Can an employee be an officer?
In this case it was held that Wilson did not hold a senior role at AFT to justify characterising him as a fiduciary to the company.
Here are the details of Wilsons role - branch manager of AFT operations with a $56,000 per annum salary.
Also, Wilson had no power to bind the company to business or to decisions he made.
The Corporation Act's section 9 definition of ‘officer’ was taken into account to see if Wilson would be subject to section 181 (good faith).
An officer is someone that makes decisions that affect the whole or a substantial part of the business of the company.
And there was no evidence Wilson had capacity to affect the company’s financial standing.
Also relevant - the AFT directors did not act on Wilson’s directions or wishes, so the court view is that he’s not an officer.
Employee's use of information & position
However, Wilson was subject to s. 182 (use of position) and section 183 (use of information) as an employee.

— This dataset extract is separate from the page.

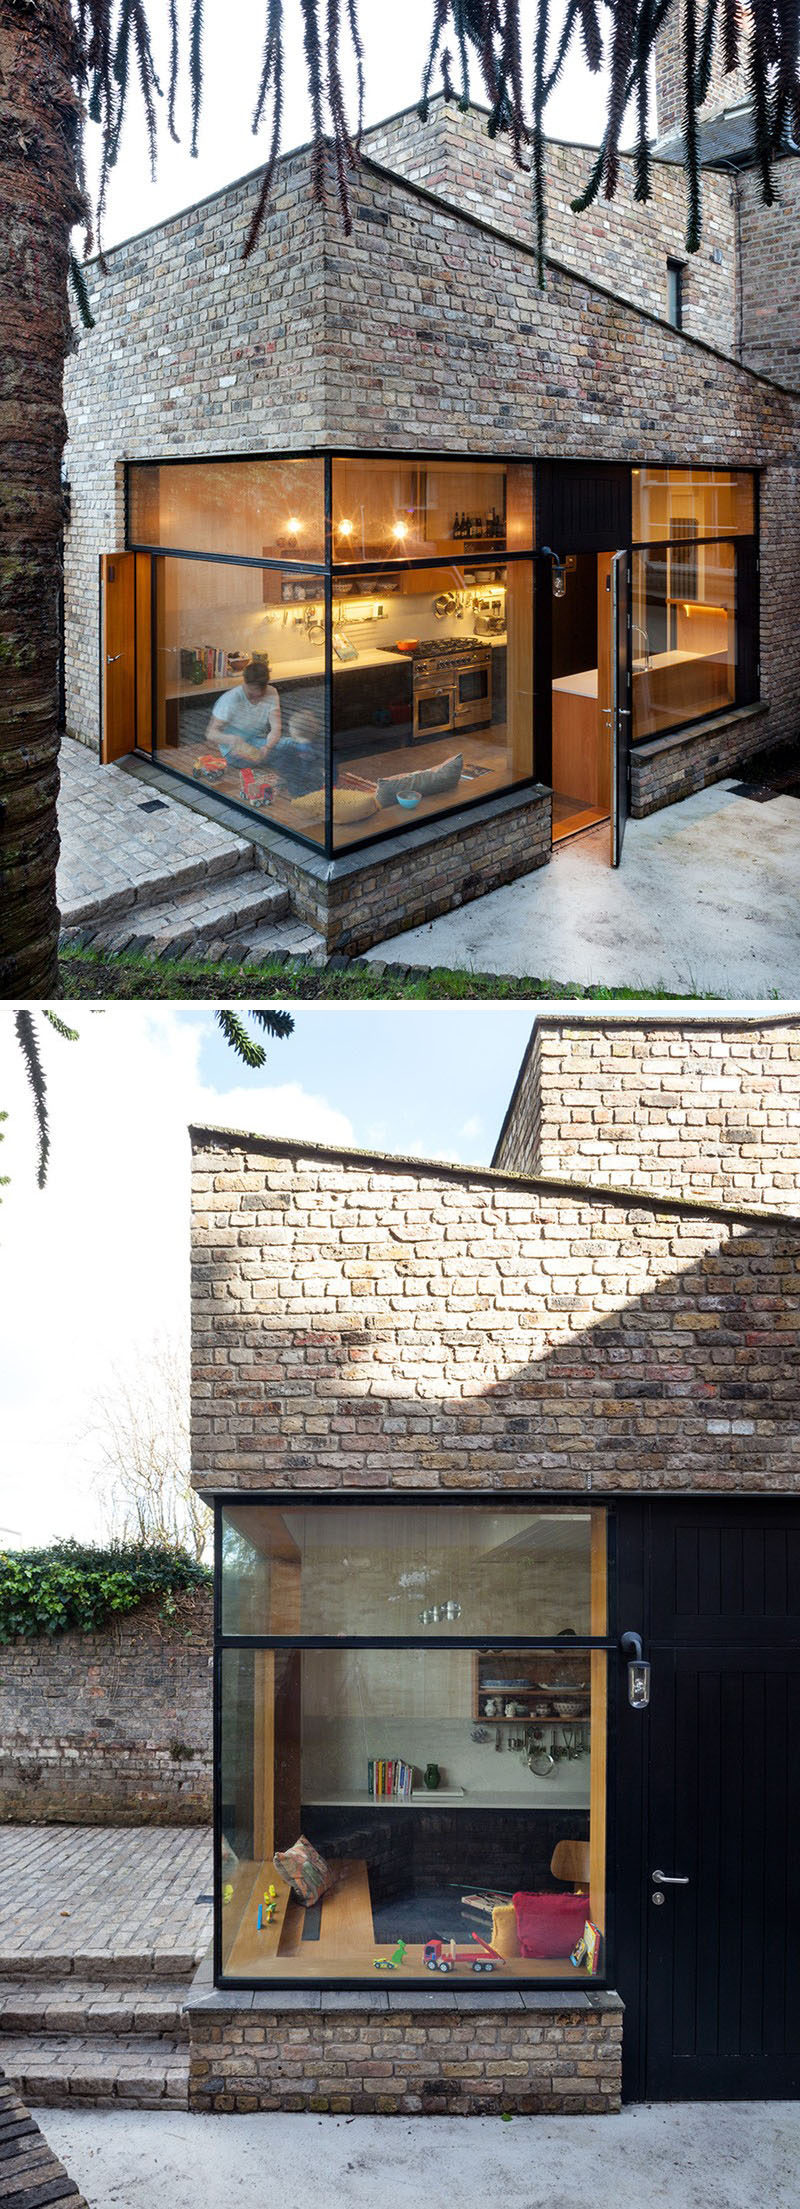 14 Modern Houses Made Of Brick // This brick extension matches the rest of the brick exterior and features large windows to maximize the amount of natural light in the home.

Retention or misuse of confidential information (Blythe and Wilson)
Wilson and Blythe kept customer and supplier contact information.
The court held the information was not confidential because the information was available from public sources.
Blythe and Wilson did not deprive AFT of the information. They gave back laptops and mobile phones with AFT data.
Dishonest and fraudulent design
When attempting to purchase shares from a majority shareholder Mrs Thompson said Blythe made made statements about the value of the company’s affairs that were pessimistic in outlook.
This allegation was made because Blythe was aware of business opportunities and there were existing businesses contract renewals.
Despite this, the court held that independent valuation was an available option. So, Blythe was not attempting to shield Mrs Thompson from another picture of the company valuation.
Also, the court did not believe that there were discussions to establish a new business and divert business from AFT prior to Blythe's resignation so there was no dishonest and fraudulent design.
An employee’s duty after resignation
For Wilson, as an employee, only section 183 (use of information) is relevant, that is, his duty is not to improperly use information after resignation.
Also, he is not subject to the statutory duty of good faith as he was not an officer of the AFT.
As Director, Blythe is also subject to section 183 (not to improperly use information).
Fiduciary duties after resignation
There needs to be an actual or potential conflict between personal interest and the duty of fiduciary office.
The office ceases when the fiduciary resigns.
Blythe still had to comply with his fiduciary duty to not take for himself business opportunities for AFT that matured before he resigned.
Balancing a non-compete and the freedom of competition
The court notes a tension between the director's fiduciary duty not to compete on one hand and the freedom of competition on the other.
There was no evidence that Blythe sought to prepare his departure from AFT, build any new business to take over AFT’s opportunities or divert AFT business to his company.
So the court held that there should be limits on any restraint on Blythe.
The restraint should limit Blythe in the short term from using information obtained while at AFT to compete.
Also, the restraint should be for customers of AFT or opportunities that they were very close to being secured by AFT as its own.
And, the final outcome...
No breach of duties
In this case AFT did not establish any breach of fiduciary duty by Blythe (a director).
Specifically, there was no breach for obtaining or pursuing or preventing AFT from opportunities to do business with other companies.
Finally, contact data kept by Wilson (an employee) was not confidential to AFT.
Also, use of the information after Wilson's resignation was not an improper use of information.